У меня был отличный научный руководитель, любящая жена и большая научная практика, но несмотря на это за год упорных попыток я мало продвинулся, если вообще продвинулся, в своей диссертации. Я охладевал к ДНК. Я чувствовал себя спринтером, который вдруг понял, что у него нет природной скорости и поэтому он может не надеяться на большой приз независимо от того, сколько труда он вложит в тренировки. Я блуждал все больше и больше, и шансы открыть что-то стоящее уменьшались.
Оставалась лишь одна надежная вещь: тартановая дорожка. Я выходил на нее почти каждый день или вечер на простую пробежку. Я и не помышлял о спорте, хотя у нас была группа любителей бега, этакий неформальный клуб: мы называли себя «термитами». Термиты – образец социальных животных.

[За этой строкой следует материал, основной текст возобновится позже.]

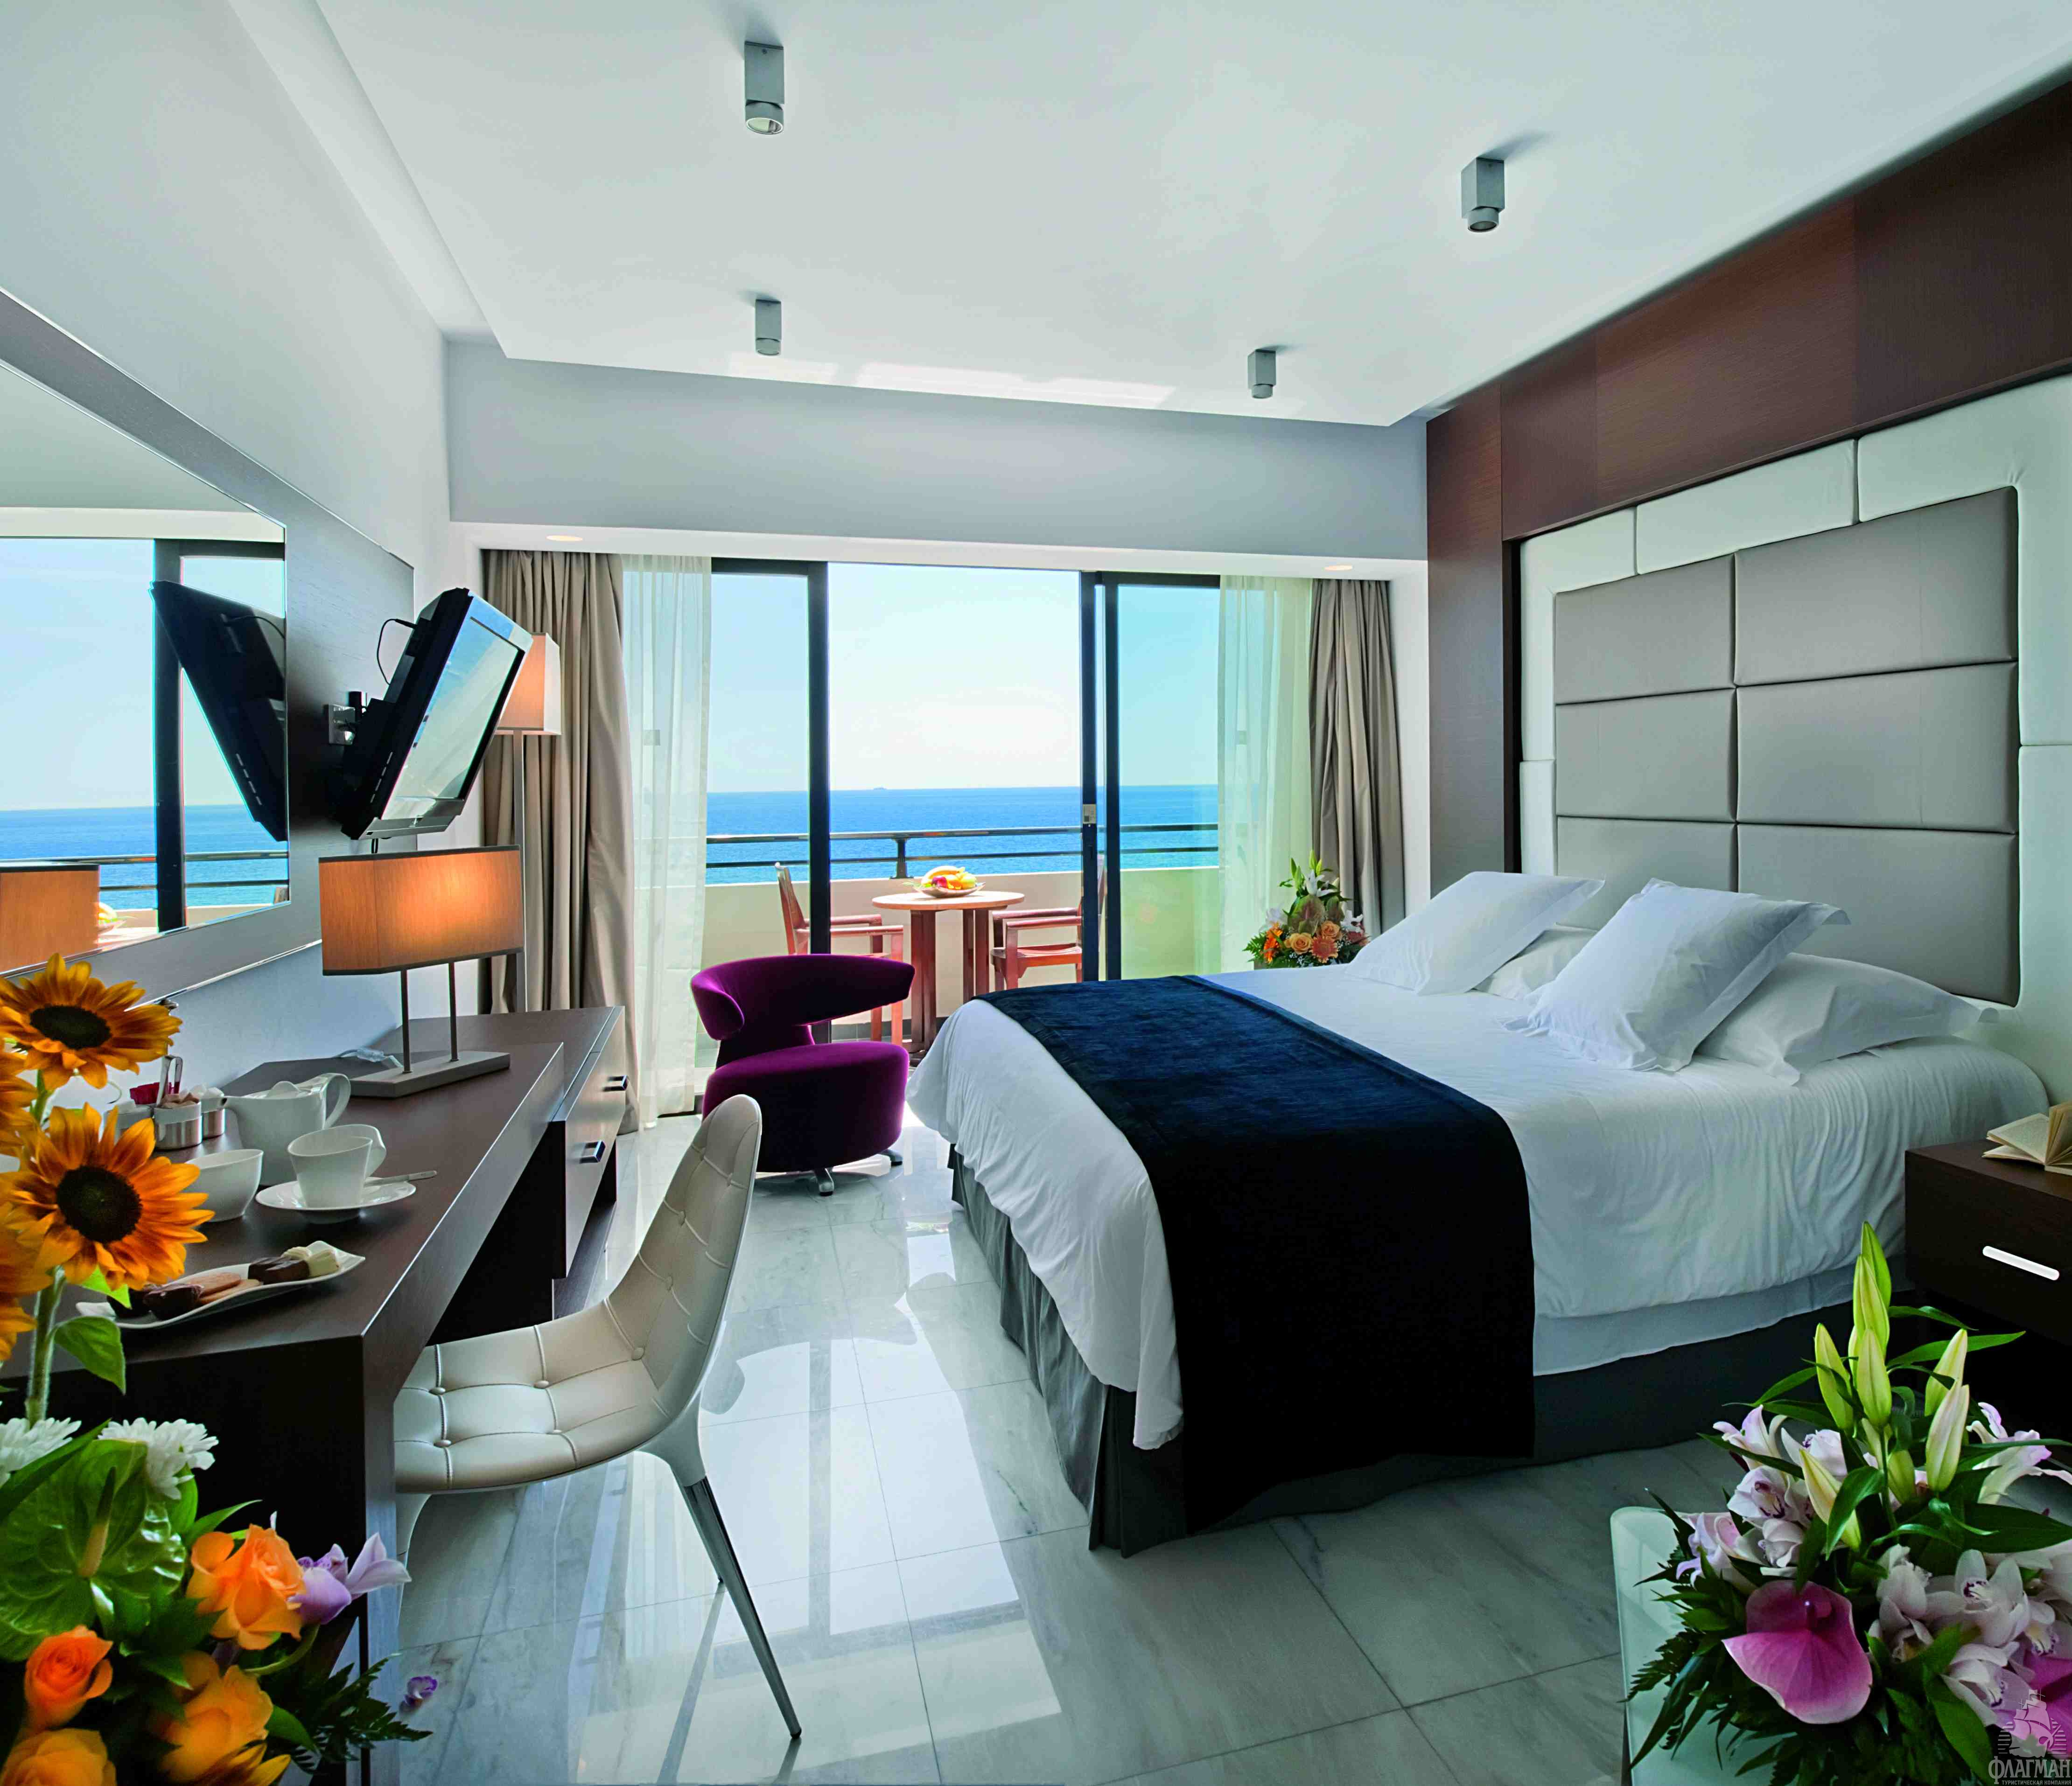 Хороший отель видео. Amathus Beach Hotel Limassol. Amathus Кипр. Amathus Beach Hotel Limassol Room. Гостиница 5 звезд Кипр.

Они не особенно быстрые, но благодаря упорству и командной работе справляются с толстенными деревьями. Мы, «термиты», бегали небольшими компаниями на дистанции в четверть или половину мили; однажды я принимал участие в университетских соревнованиях по бегу на одну милю[26]. Один из наших ребят говорил о том, что собирается когда-нибудь пробежать марафонскую дистанцию. Я думал, что он псих. Я мог, по крайней мере, потенциально, осмыслить митохондриальную и хлоропластовую ДНК (хотя потрогать их мне не удавалось), но я не мог представить пробежку или тем более спортивный забег на такое большое расстояние.
7Как ослабить выносливость насекомого в полете
И подлинно: спроси у скота, и научит тебя…

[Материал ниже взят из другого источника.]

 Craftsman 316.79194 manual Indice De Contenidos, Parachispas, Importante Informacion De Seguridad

Охота за научными открытиями – это игра. Сродни охоте на дичь. Если присмотреться, и тем и другим мы занимаемся ради удовольствия, и оба занятия в конце концов приносят практические результаты. Проблема в том, что дебри нашей жизни очень густые, а мы плохо знаем, что в них прячется. Мы можем преследовать большую добычу, если она есть на самом деле и если мы достаточно одарены, чтобы разглядеть ее и броситься за ней. Но нет гарантии, что мы ее добьемся. Я полагал, что для докторской степени мне нужно будет сделать что-то совершенно невероятное и поразительное, наподобие открытия ДНК, расшифровки генетического кода или объяснения контроля над ростом митохондрий. Как я уже говорил, мои попытки оказались тщетными. Кроме того, как и в Мэне, сбоить начал мой организм. После того как я не сумел извлечь информацию из ДНК и осознал, что не создан для молекулярной биологии и не хочу работать в этой сфере всю жизнь, я чувствовал потребность в новом направлении развития. В то время меня стали мучить странные артритные боли в руках, коленях и ступнях, из-за которых я полгода вынужден был проходить на костылях. В Мэне из-за своего физического недуга я мог больше времени проводить в библиотеке; тогда я пробовал изучать различные аспекты поведения и психологии жуков-скакунов, медоносных пчел, гусениц, бабочек и мотыльков-бражников. Я пытался найти что-нибудь достаточно занятное, иными словами, что-то новое и представляющее интеллектуальную ценность. В конце концов я остановился на проблемах физиологии движения и терморегуляции у бражников. Выбор был удачным: он привел к гораздо большему, чем я мог себе представить.